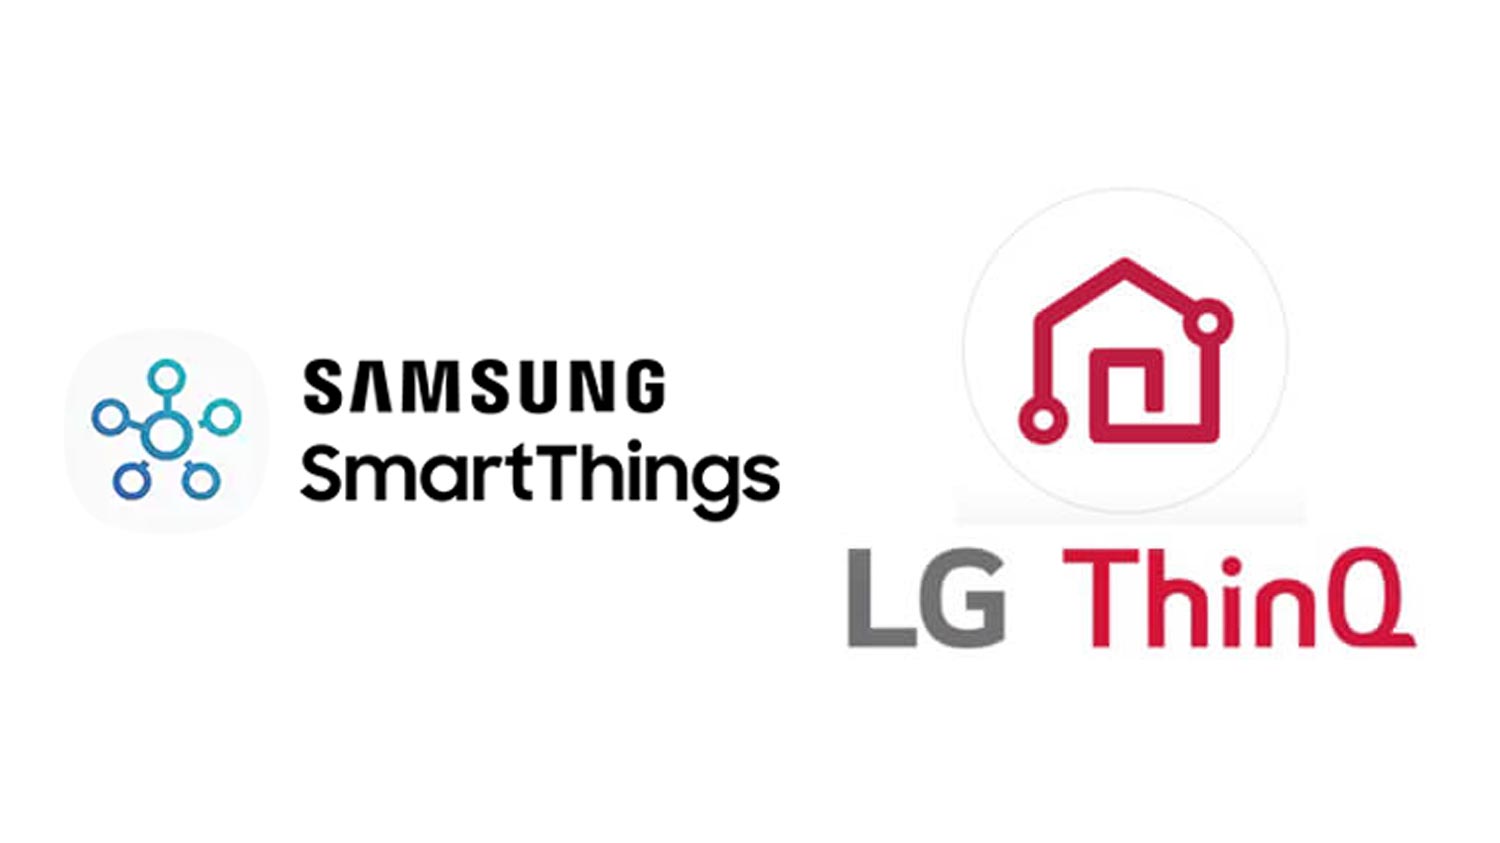 Samsung Dan LG Bersetuju Menyokong Peranti Internet Benda Keluaran Masing-Masing
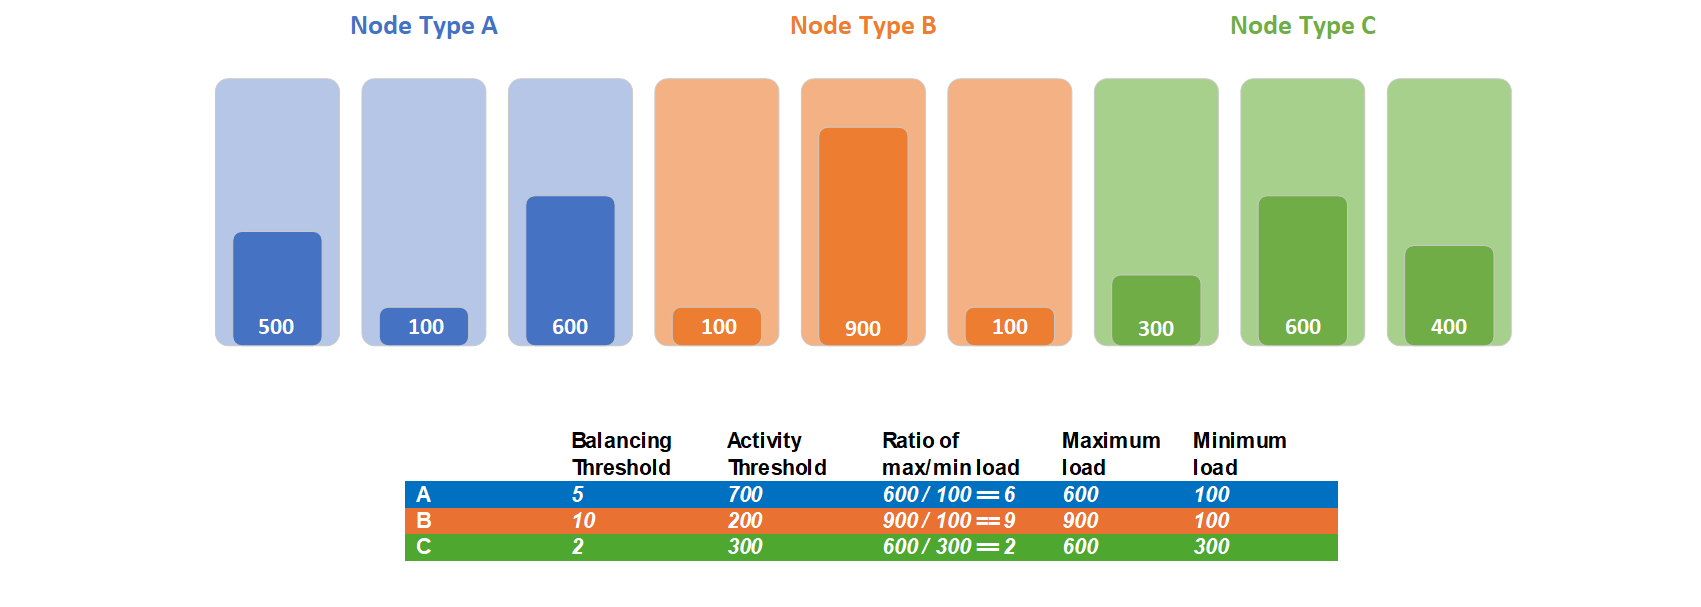 3 つのノード タイプがある場合のノード タイプの分散しきい値の例を示す図。
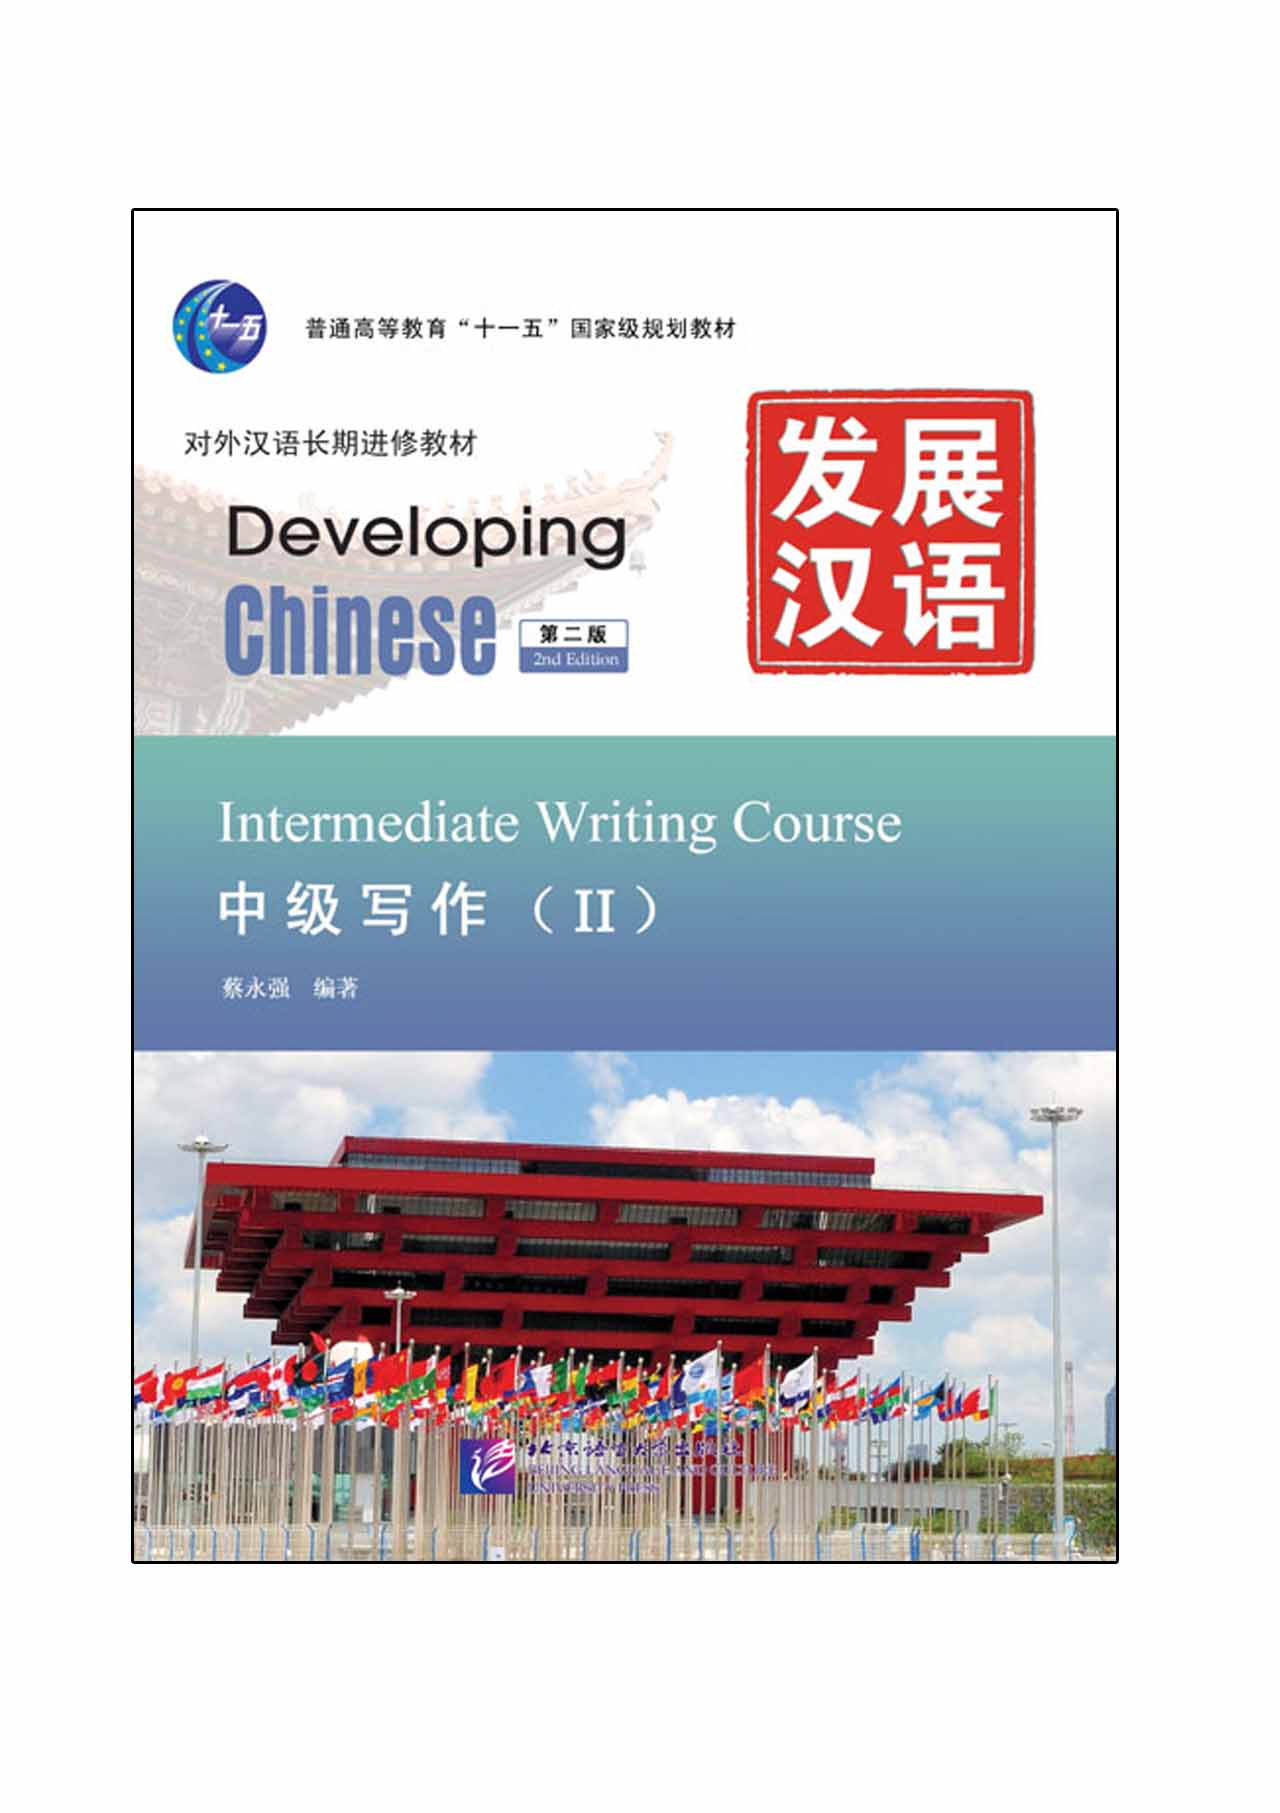 แบบเรียนภาษาจีน Developing Chinese (2nd Edition) Intermediate Writing Course Ⅱ 发展汉语（第2版）中级写作（Ⅱ）

### TO DO
The lines from the one containing "3 つのノード タイプがある場合のノード タイプの分散しきい値の例を示す図。" to the end of the material must be output exactly, both ends included; no picture may appear.

### SOLUTION BELOW
 3 つのノード タイプがある場合のノード タイプの分散しきい値の例を示す図。
 แบบเรียนภาษาจีน Developing Chinese (2nd Edition) Intermediate Writing Course Ⅱ 发展汉语（第2版）中级写作（Ⅱ）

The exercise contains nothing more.